Spring Sale Limited Time 70% Discount Offer - Ends in 0d 00h 00m 00s - Coupon code: 70track

Free Amazon Web Services Data-Engineer-Associate Practice Exam with Questions & Answers | Set: 3

Questions 21

A company stores time-series data that is collected from streaming services in an Amazon S3 bucket. The company must ensure that only workloads that are deployed within the company's VPC can access the data.

Which solution will meet this requirement?

Options:
A.

Create an S3 bucket policy that uses a condition to allow access only to traffic that originates from the company's VPC.

B.

Apply a security group to the S3 bucket that allows connections only from the company's VPC CIDR block.

C.

Define an IAM policy that denies access to all users unless the request originates from within the company's VPC.

D.

Use a network ACL on the VPC subnets to allow only specific resources to access the S3 bucket.

Amazon Web Services Data-Engineer-Associate Premium Access
Questions 22

A company is using an AWS Transfer Family server to migrate data from an on-premises environment to AWS. Company policy mandates the use of TLS 1.2 or above to encrypt the data in transit.

Which solution will meet these requirements?

Options:
A.

Generate new SSH keys for the Transfer Family server. Make the old keys and the new keys available for use.

B.

Update the security group rules for the on-premises network to allow only connections that use TLS 1.2 or above.

C.

Update the security policy of the Transfer Family server to specify a minimum protocol version of TLS 1.2.

D.

Install an SSL certificate on the Transfer Family server to encrypt data transfers by using TLS 1.2.

Questions 23

A company needs to build an extract, transform, and load (ETL) pipeline that has separate stages for batch data ingestion, transformation, and storage. The pipeline must store the transformed data in an Amazon S3 bucket. Each stage must automatically retry failures. The pipeline must provide visibility into the success or failure of individual stages.
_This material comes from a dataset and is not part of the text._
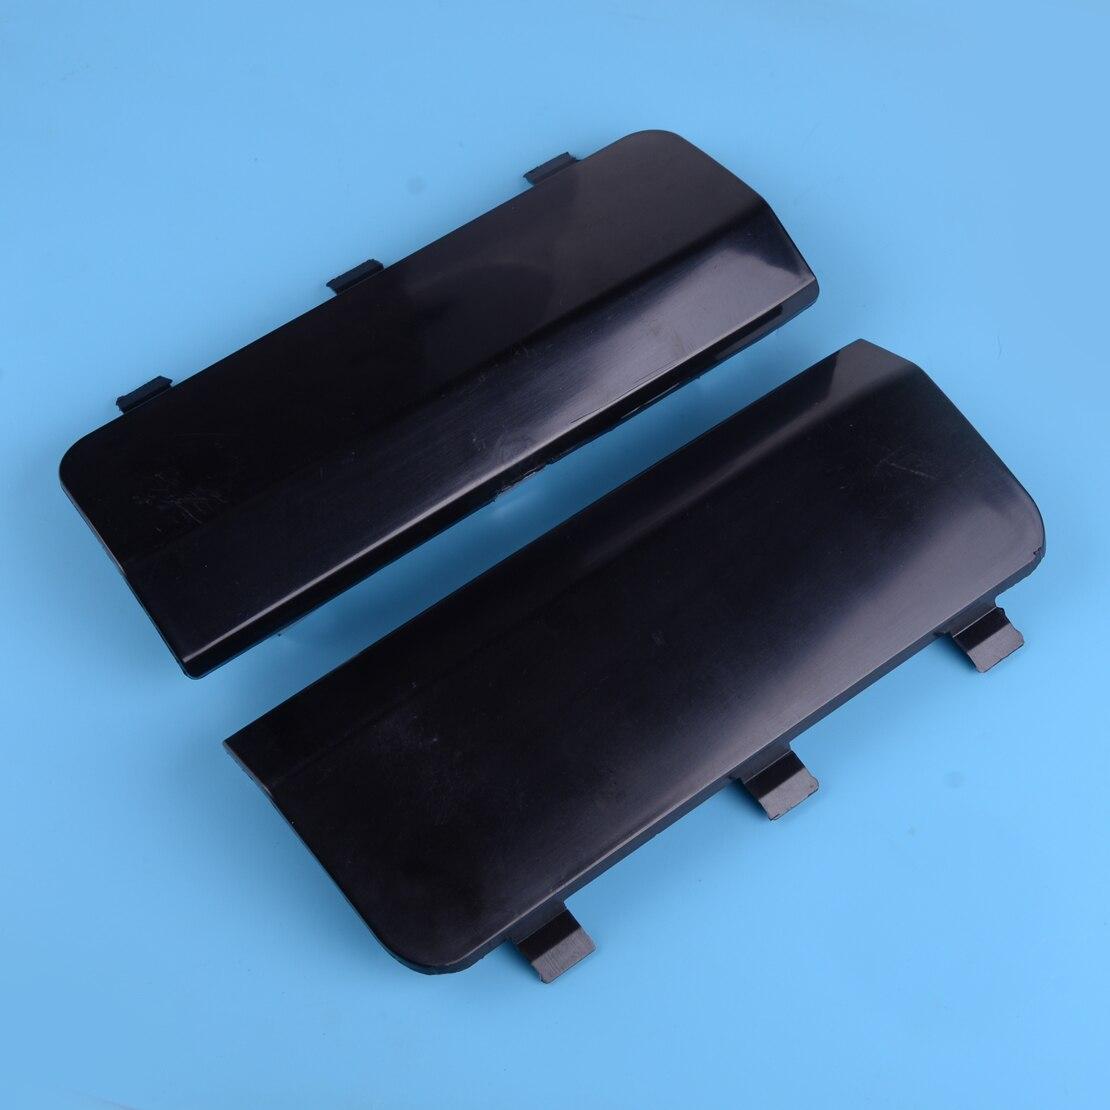 Beler 2 adet arka tampon Tow kanca kapak Cap A1638801605 A1638801705 Mercedes için ML320 ML350 1998-2001 2002 2003 2004 2005

Which solution will meet these requirements with the LEAST operational overhead?

Options:
A.

Chain AWS Glue jobs that perform each stage together by using job triggers. Set the MaxRetries field to 0.

B.

Deploy AWS Step Functions workflows to orchestrate AWS Lambda functions that ingest data. Use AWS Glue jobs to transform the data and store the data in the S3 bucket.

C.

Build an Amazon EventBridge–based pipeline that invokes AWS Lambda functions to perform each stage.

D.

Schedule Apache Airflow directed acyclic graphs (DAGs) on Amazon Managed Workflows for Apache Airflow (Amazon MWAA) to orchestrate pipeline steps. Use Amazon Simple Queue Service (Amazon SQS) to ingest data. Use AWS Glue jobs to transform data and store the data in the S3 bucket.

Questions 24

A company wants to implement real-time analytics capabilities. The company wants to use Amazon Kinesis Data Streams and Amazon Redshift to ingest and process streaming data at the rate of several gigabytes per second. The company wants to derive near real-time insights by using existing business intelligence (BI) and analytics tools.

Which solution will meet these requirements with the LEAST operational overhead?

Options:
A.

Use Kinesis Data Streams to stage data in Amazon S3. Use the COPY command to load data from Amazon S3 directly into Amazon Redshift to make the data immediately available for real-time analysis.

B.

Access the data from Kinesis Data Streams by using SQL queries. Create materialized views directly on top of the stream. Refresh the materialized views regularly to query the most recent stream data.

C.

Create an external schema in Amazon Redshift to map the data from Kinesis Data Streams to an Amazon Redshift object. Create a materialized view to read data from the stream. Set the materialized view to auto refresh.

D.

Connect Kinesis Data Streams to Amazon Kinesis Data Firehose. Use Kinesis Data Firehose to stage the data in Amazon S3. Use the COPY command to load the data from Amazon S3 to a table in Amazon Redshift.

Questions 25

A data engineer is building a solution to detect sensitive information that is stored in a data lake across multiple Amazon S3 buckets. The solution must detect personally identifiable information (PII) that is in a proprietary data format.

Which solution will meet these requirements with the LEAST operational overhead?

Options:
A.

Use the AWS Glue Detect PII transform with specific patterns.

B.

Use Amazon Macie with managed data identifiers.

C.

Use an AWS Lambda function with custom regular expressions.

D.

Use Amazon Athena with a SQL query to match the custom formats.

Questions 26

A data engineer is using AWS Glue to build an extract, transform, and load (ETL) pipeline that processes streaming data from sensors. The pipeline sends the data to an Amazon S3 bucket in near real-time. The data engineer also needs to perform transformations and join the incoming data with metadata that is stored in an Amazon RDS for PostgreSQL database. The data engineer must write the results back to a second S3 bucket in Apache Parquet format.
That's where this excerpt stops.